For the Grand Cherokee, frontal area is 2.48 m^2, coefficient of drag is 0.44. Running through the same calculations, I get the external forces to be overcome by the Jeep at 55 mph are 383 newtons of aerodynamic drag and 289 newtons of rolling resistance for a total of 672 newtons or 151 pounds force. Enough energy must come from the fuel per second to overcome the dissipative forces and provide about 22.1 horsepower to maintain 55 mph against the external forces. So, if all else were equal, the LR3 should burn about 10.9% more fuel per mile at 55 mph. In fact, it burns about 44% more fuel. Or so the gauges say. So obviously, all else isn't equal.

These are the types of things I'm trying to understand.

## Saturday, June 02, 2007

### First principles

This post is a continuation of the previous one in which I tried to reason the cause of my inability to coax better mileage out of the LR3. I was able to show through an analysis of manifold pressure, engine frequency (r.p.m.) and the chemical mixture requirements for combustion that the vehicle was burning fuel at a rate that equated to 13.3 m.p.g. at 55 m.p.h. on level ground. While this is in the ballpark, it's certainly not close to the base, so I tried reasoning from first principles, as the mathematicians say.

I started with the assumption that the fuel/air mixture in the manifold (and the cylinder during the intake stroke) is an ideal gas. I carried through an analysis on that basis (from the details of which I'll spare my patient readers) utilizing the absolute pressure and the manifold air temperature as reported by the Scan Gauge II I have attached to my engine.

I ran my analysis using the approximation that gasoline is normal heptane and that air is 22% O2 and 78% N2. From there, I proceeded to calculate from the ideal gas law. As Scotty used to say on Star Trek, "you canna change the laws of physics." I didn't expect to determine a fuel consumption number that matched the indicated m.p.g. from the Scan Gauge II to the nearest 0.1 m.p.g., but I did hope for something within, say, 10%.

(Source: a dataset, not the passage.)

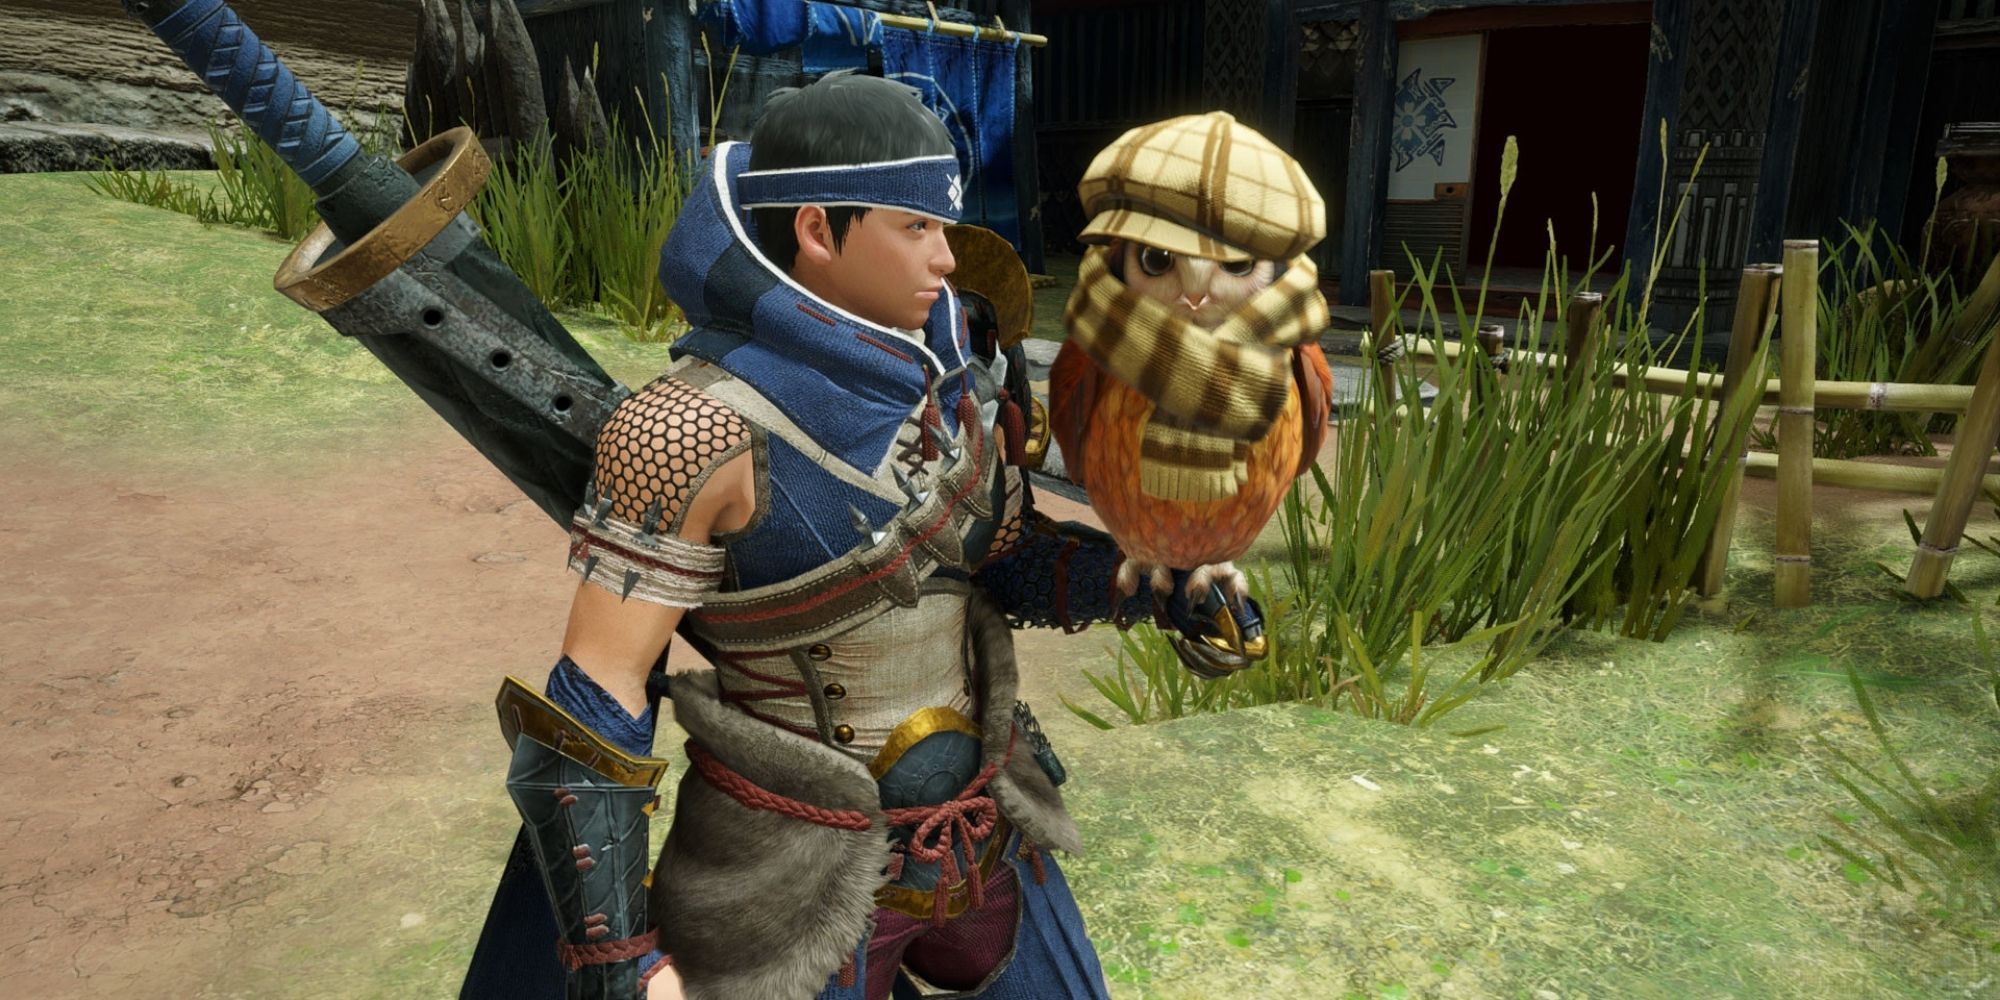 Monster Hunter Rise Hunter Has Cohoot With Fancy Scarf And Hat On His Arm In The Village

Nope. The calculated result was worse than my previous calculation, coming in at 11.06 m.p.g. So what gives?? I have begun reading a treatise entitled "The Internal-Combustion Engine, Theory and Practice" by Taylor, since it's obvious that my level of understanding of the physics of internal combustion engines is inadequate to the problem at hand. It's a two volume tome, and exhaustive in scope and detail. When I learn enough to see where I've gone astray with my analyses, hopefully I'll also understand the mysteries of the LR3 vs. Grand Cherokee Limited engine comparison.